Note also that if you want to add the code coverage of your application inside a Vignette, you can use the `{covrpage}` [@R-covrpage] package, which bundles the results of the `{covr}` coverage report into an interactive, human-readable Vignette that you can use later on as package documentation, or as an article inside your package website.
`{covrpage}` can be installed from GitHub with `remotes::install_github('yonicd/covrpage')`.
#### B. Continuous Integration {.unnumbered}
Continuous integration, on the other hand, is ensuring the software is still working whenever a change is made by one of the developers.
The idea is to add to the centralized version control system (for example, Git)[^step-by-step-build-6] a service like Travis CI, GitHub Action (if you are on GitHub), or GitLab CI (for GitLab) that runs a series of commands whenever something is integrated in the repository, i.e. every time a change to the codebase is made.

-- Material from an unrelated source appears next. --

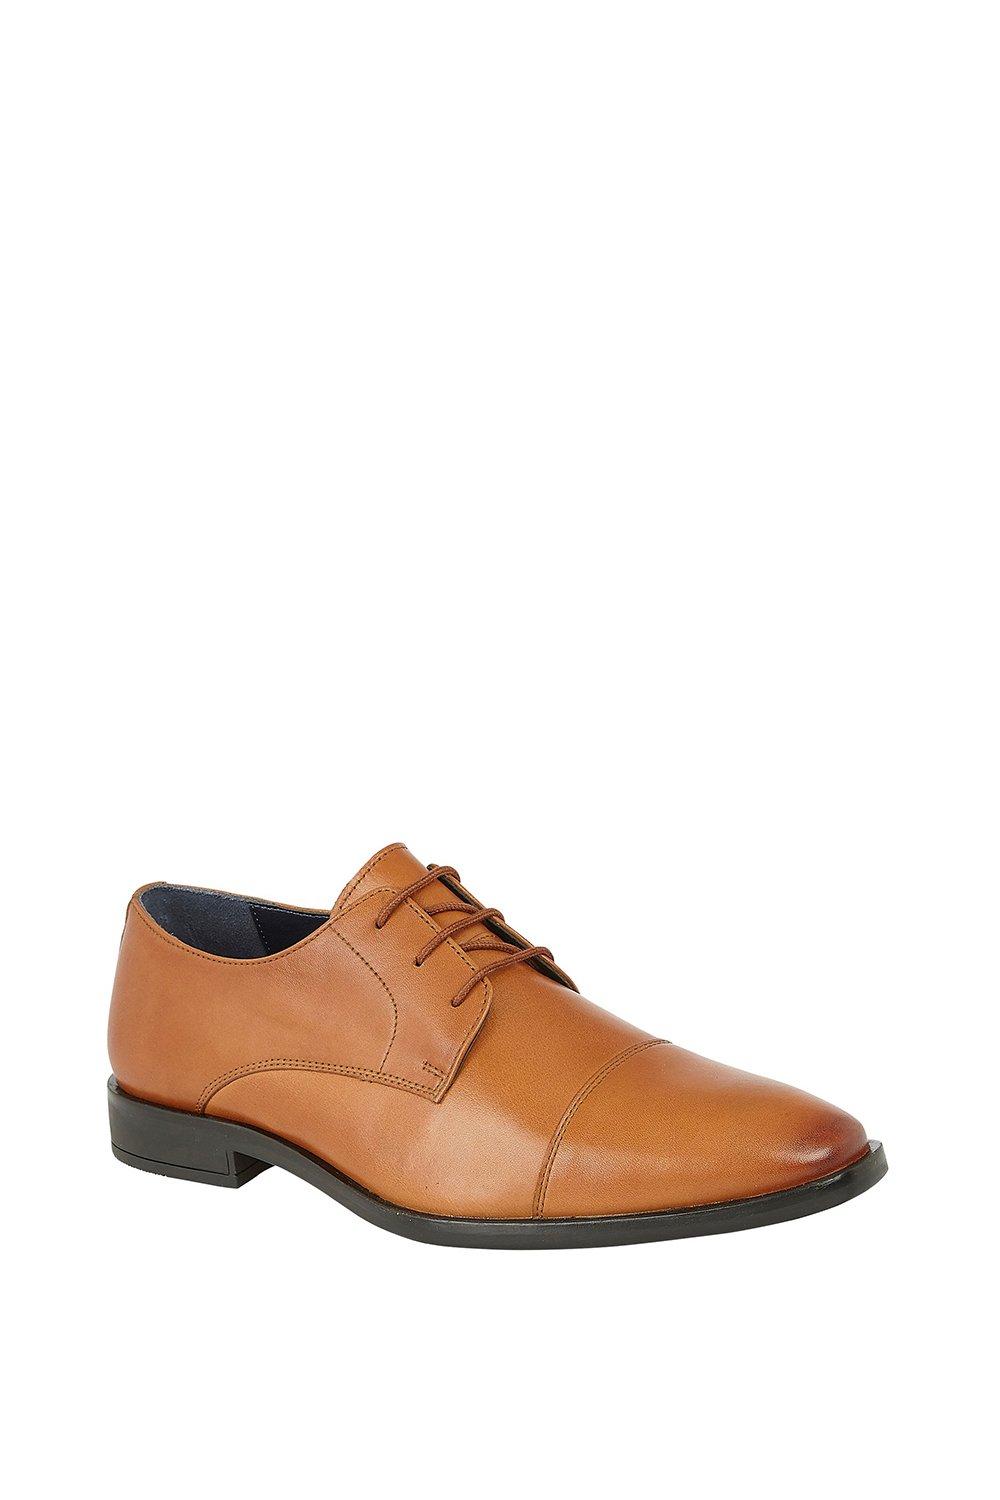 Кожаные туфли дерби Euston Lotus, коричневый красные свадебные туфли для мужчин итальянские брендовые элегантные туфли для мужчин модные вечерние туфли для мужчин формальные туфли

In other words, every time a new piece of code is sent to the central repository, a service runs regression tests that check that the software is still in a valid, working state.
[^step-by-step-build-6]: We will get back to version control in the Chapter \@ref(version-control), "Version Control"..
You can set up various continuous integration services automatically by using functions from the `{usethis}` package:
- Travis CI is set up with `usethis::use_travis()`.
- AppVeyor with `usethis::use_appveyor()`.
- GitLab CI with `use_gitlab_ci()`.
- Circle CI with `use_circleci()`.
- GitHub Actions with `use_github_actions()`.
- Jenkins with `use_jenkins()`.
If ever you want to add badges to your `README` files for these services, `{usethis}` also comes with a series of functions to do just that: `use_travis_badge()`, `use_appveyor_badge()`, `use_circleci_badge()` and `use_github_actions_badge()`.
CI services can do a lot more, like for example, deploy the application, build a container and send it to a container registry, compile RMarkdown files, etc.[^step-by-step-build-7]
The possibilities are almost limitless!
[^step-by-step-build-7]: For example, the online version of this book is compiled to HTML every time something is merged into the `master` branch on GitHub.
## Using `{golem}` dev functions
When building an application, you will want it to behave differently depending on where it is run, and notably, if it is run in development or in production.
We have seen in previous chapters that you can use the `golem-config.yml` file, or pass arguments to `run_app()`.
A third option is to use the `dev` functions from `{golem}`.
There is a series of tools to make your app behave differently whether it is in "dev" or "prod" mode.
Notably, the `app_prod()` and `app_dev()` functions look for the value of `options( "golem.app.prod" )`, or return `TRUE` if this option does not exist.
In other words, by setting `options( "golem.app.prod" )` to `TRUE`, you will make the functions that depend on this option behave in a specific way.
Some functions pre-exist in `{golem}`, for example if you need to print a message to the console only during dev, you can do it with `cat_dev()`.
```{r 10-step-by-step-build-14, eval = TRUE}
# Setting the option to FALSE
options( "golem.app.prod" = FALSE)
# Function runs as expected
golem::cat_dev("In dev\n")
```
```{r 10-step-by-step-build-15 }
# Switching the option to TRUE
options( "golem.app.prod" = TRUE)
# Nothing is printing
golem::cat_dev("In dev\n")
```
Of course, chances are you do not only need to print things, you might want to use other functions.
Good news!
You can make any function being "dev-dependent" with the `make_dev()` function:
```{r 10-step-by-step-build-16, eval = TRUE}
# Same mechanism as cat_dev, but with other functions
log_dev <- golem::make_dev(log)
options( "golem.app.prod" = FALSE)
log_dev(10)
options( "golem.app.prod" = TRUE)
log_dev(10)
```
That way, you can use functions in your back-end for development purposes, that will be ignored in production.